The difficulty is, that to even attempt to name or indicate something beyond the contingent or constructed, brings it within the scope of a ‘community of discourse’ which is once again one of social construction and language. — Wayfarer

Well, you can't expect to name or indicate something without a social context and a language. I think language does quite well in dealing with the world. I doubt it would survive if it did not.

But I recall an instruction I read once, that the student (‘prokopta’, or ‘preceptor’) can become aware of certain kinds of evidential experience in their quality of life as a consequence of right realisation, although for obvious reasons that is not necessarily something ascertainable in the third person. — Wayfarer

H'm. I doubt that would stand up to even the mildest philosophical scrutiny and suspect that it would carry with it great moral dangers. But if it makes them happy and they do no harm, who's to complain?

It follows from wanting to adopt degrees of belief (which Manuel did), except for hinge propositions such as logical laws and such (the existence of God is no such proposition non-presups would agree). — Lionino

Well, I'm not fond of degrees of belief. But there are certainly ways we can qualify our commitment to what we believe. I don't think it is impossible to accept a logical law hesitantly or doubtfully. I read somewhere that Van Til's presupposition is not that God exists, but that the Bible is true.

ThEn you can't discard the pOsSiBiLity of a green donkey behind Jupiter! — Lionino

Yes, I can. There is no evidence that it is possible that there's a green donkey behind Jupiter.

The debate happens when people concede to theists the definition of 'atheist' "explicitly stating the non-existence of God", instead of the normal "not believing because there is no reason to believe": — Lionino

I think that some religious people will be quite happy to engage in debate with you on the basis that you need reasons to believe. But I suppose that does mean accepting the burden of proof. I would be absurd for an atheist to accept the burden of proof, because proving that something doesn't exist is much, much harder than proving that it does.

It isn’t robust relativism that leads to skepticism, but Idealism and empiricism, by not realizing that the practices of meaning we find ourselves enmeshed within are already real and true, already of the world, absent of any need to valid them on the basis of conformity to anything outside of these already world-enmeshed practices , ‘beyond the contingent’. — Joshs

I'm more or less with you on this, though I'm doubtful about what "beyond the contingent" means. But why do you classify that as relativism?

Our understanding doesn’t evolve by more and more closely approximating some foundational content but by using our past world-engaged practices to construct more intricately relational forms of understanding. — Joshs

Yes, I think that's about right. Foundationalism seem to provide endless questions, rather than a secure foundation.

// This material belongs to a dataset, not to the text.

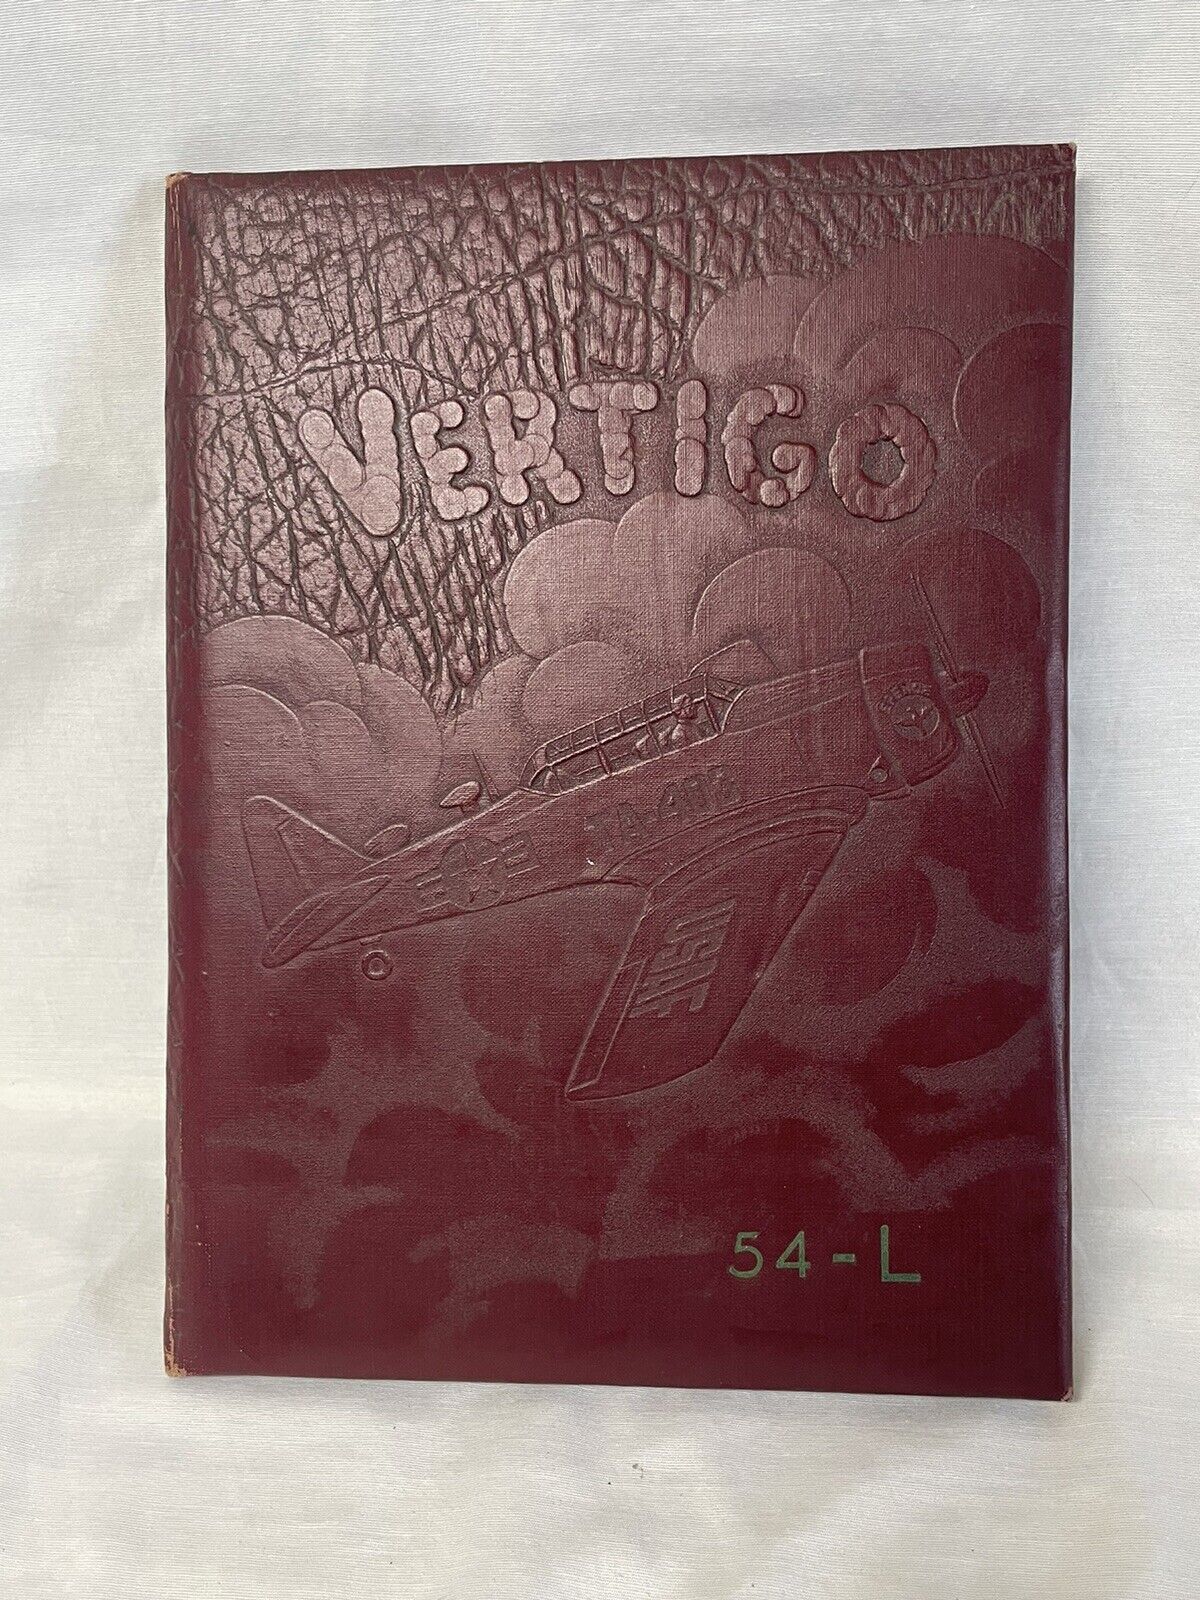 1954 USAF Spence Air Base Vertigo Air Force Pilot Yearbook 54-L Moultrie Georgia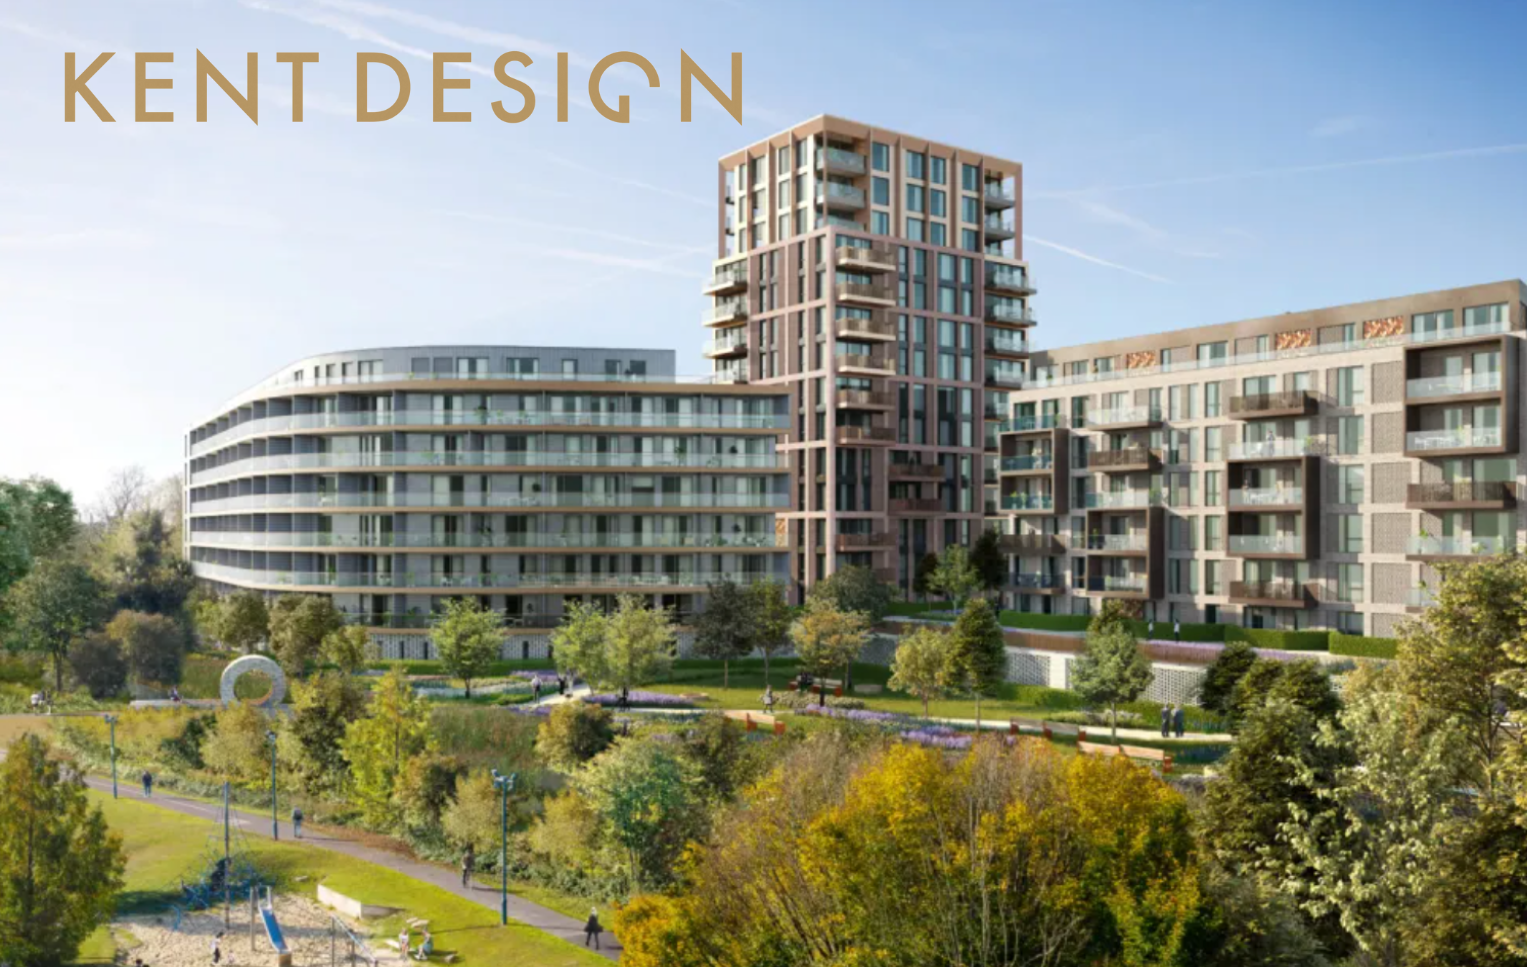 Design South East — Kent Design: Knowledge Exchange: Town Centre Developments Showcase

No matter what the device says, we are free to choose the other option. — Ruckavicka above

Yes. That's why we could only ever conclude from the LD that prediction is not control and though the D may be said to determine, at least sometimes, in the sense of "discover", it cannot be said to determine in the sense of "control".

The effects of feedback of predictions on future action is very well known in economics, isn't it? Though perhaps it is the self-fulfilling prophecy that is more to be feared. That said, I do think that feedback loops in general are very important in understand how the body works, so they will contribute substantially to our understanding how we are able to do what we want - without being incompatible with determinism. That's the only way to go, in my opinion.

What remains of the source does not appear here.